Abstract

ISEE-0497 Background and Objective: Exposure to extreme temperatures and airborne particles occur often simultaneously and can both affect the respiratory and cardiovascular health. Thus, they can be confounders for each other in epidemiological time series studies. Generally, outdoor temperature has been used as an estimate for individual temperature exposure. In this study, longitudinal associations between outdoor temperature and personal environmental temperature, relative humidity (RH) and particles are reported for the heating season. Methods: Personal exposure to temperature, RH and fine particles (PM2.5) were repeatedly measured (4–11 times) over a 24h time period with a 1-min resolution in 43 elderly non-smoking heart disease patients during the heating season in Kuopio, Finland. In addition, personal daily exposure to combustion particles (indicator PM2.5-Abs; absorption coefficient) as well as concentrations of outdoor PM2.5 and PM2.5-Abs, and outdoor temperature were used in the analysis.

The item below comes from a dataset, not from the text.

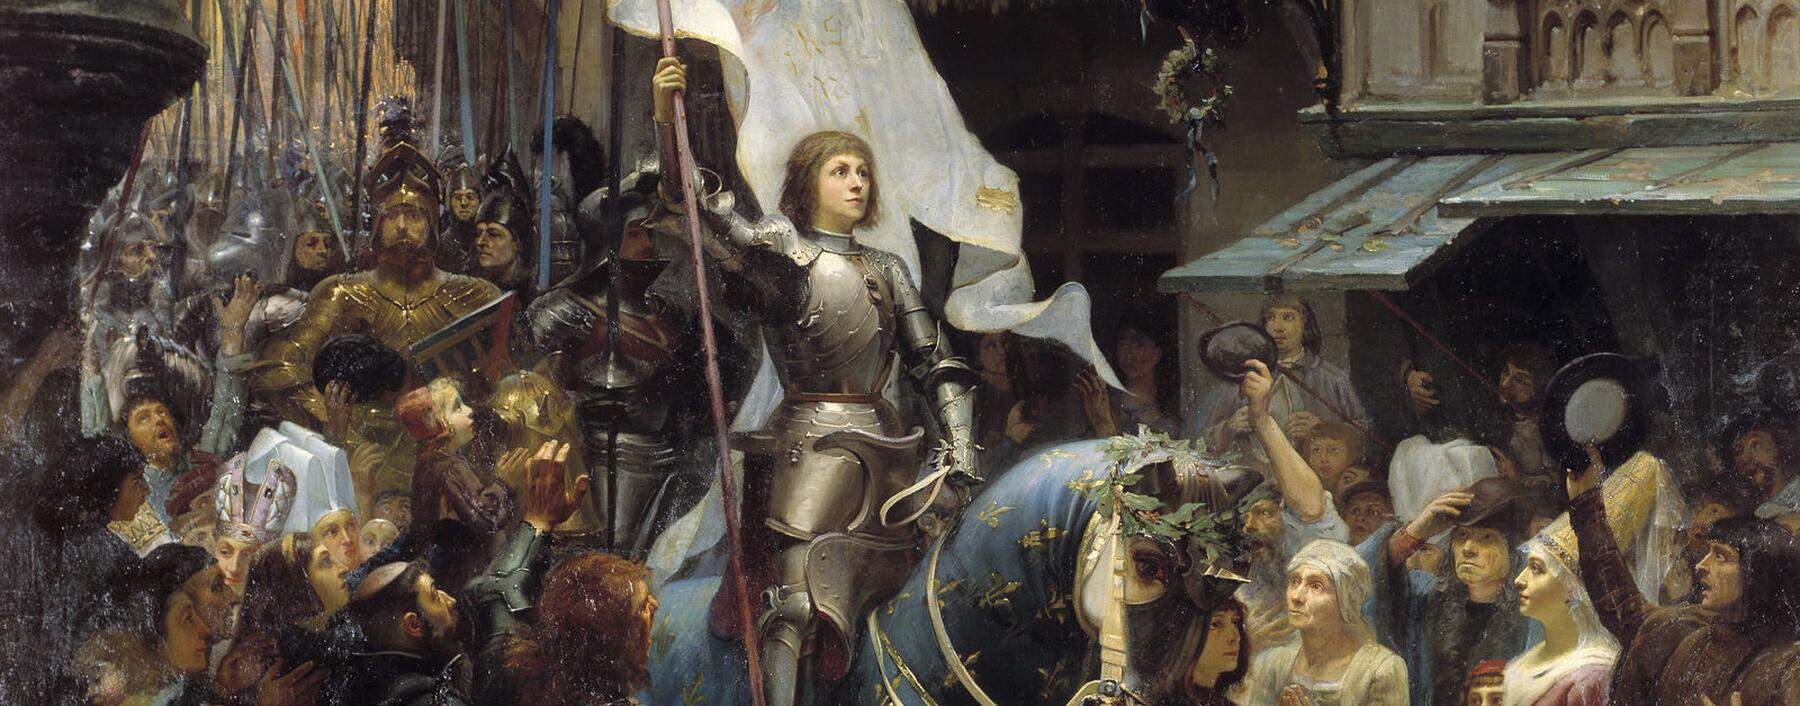 Der triumphale Einzug Jeanne d'Arcs in Orleans. Gemälde von 1887.

Spearman correlation coefficients (r) between outdoor and indoor variables were analyzed for each individual separately and then the median was taken. Results: Outdoor temperature varied from −22 to +4 °C during the measurements. As expected, the correlation between outdoor and personal 24h average temperature was low for most individuals (r = 0.14), but outdoor temperature described reasonably well the daily minimum 1-min temperature exposure (r = 0.50), especially for individuals who spent more than 1h outdoors (r = 0.77). High median correlation (r = 0.80) was observed between central site temperature and personal exposure to RH. There was a weak negative correlation between outdoor temperature and personal exposure to PM2.5 and PM2.5-Abs (r = –0.25 and r = –0.32, respectively). Conclusions: During heating season, associations between outdoor temperature and the daily personal exposure to temperature, PM2.5 and PM2.5-Abs were weak. The minimum temperature the subjects were exposed to while outdoors and the daily personal exposure to relative humidity on daily level were related to the daily outdoor temperature. Tekes/ERDF funding (70078/04; 2229/31/04) is acknowledged.